Application security programs and practises

The Hadoop project at the Apache Software Foundation is beating its chest for delivering the v1.0 version of the open source MapReduce data analysis tool, its Hadoop Distributed File System (HDFS), and other related code.

While software version and release numbers can sometimes be arbitrary, they are often also symbolic, and in this case the jump up to v1.0 is a little bit of both. But it's clearly intended to signify that the open source software is ready for primetime use among IT organizations that are not data analytics hotshots, but want to be.

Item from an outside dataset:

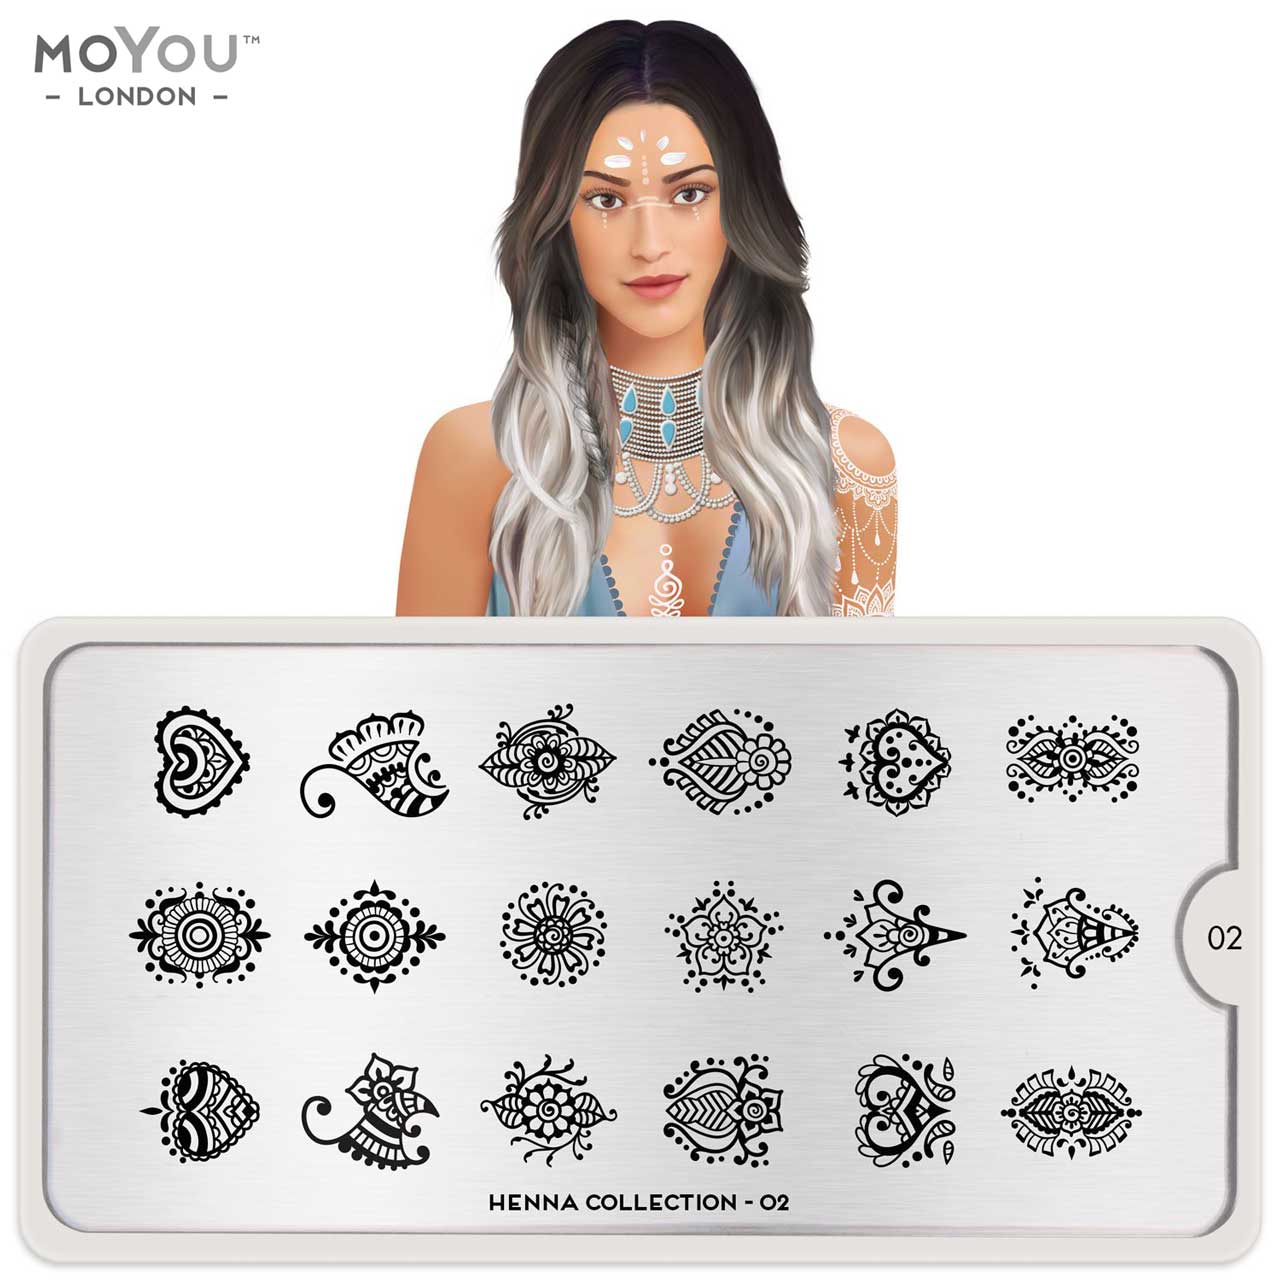 Plaque Stamping Henna 02 - MoYou London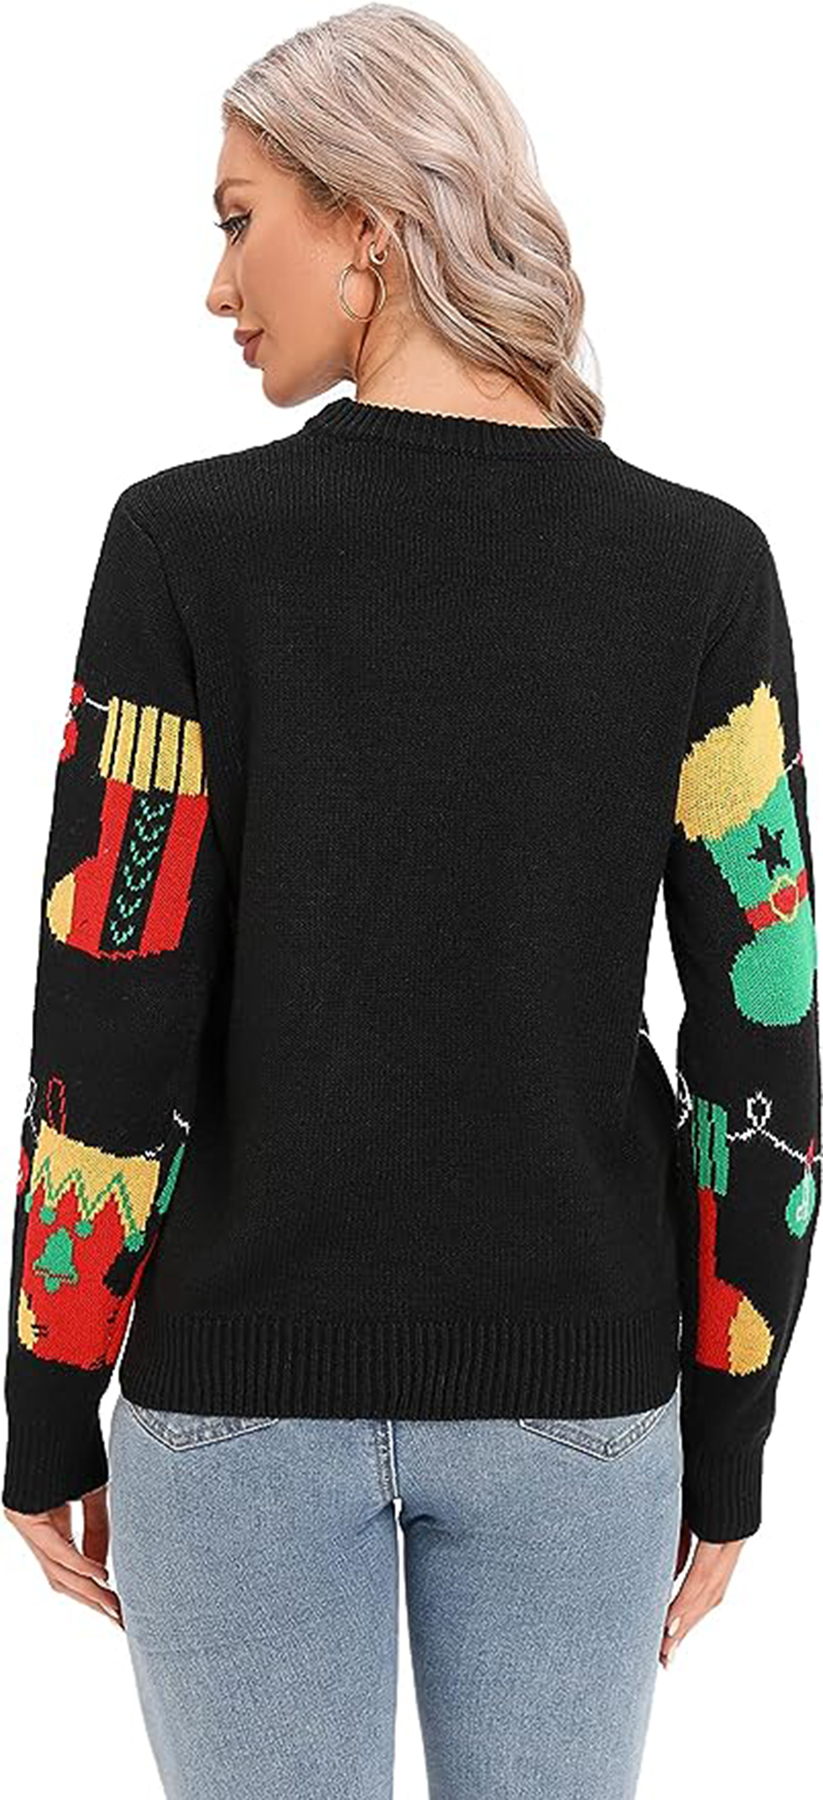  Ugly Christmas Sweaters for Women Men

This is akin to the position that the open source Linux operating system was in towards the tail end of the dot-com boom, with the Linux 2.2 kernel, which had the stability and scalability that enterprises required as they contemplated alternatives to more expensive Unix and proprietary operating systems.

In the dot-com bust, when Linux began its assault on the data center, the open source code was available for free for those who wanted to roll their own Linuxes - as well as there being commercial releases from Red Hat, SUSE, and others who would do the rolling for you and offer commercial support.

The same thing is happening again with the Hadoop project, with Apache providing a home for Hadoop and its related tools to allow them to be improved and integrated. Meanwhile companies such as Cloudera, HortonWorks, MapR, IBM, Oracle, and a number of other smaller players are offering complete Hadoop stacks, or support for parts of the stack. The release number on Apache Hadoop is therefore perhaps not as relevant as the stacks others are providing commercial support for, and what elements they pick and choose from among the various Hadoop trees.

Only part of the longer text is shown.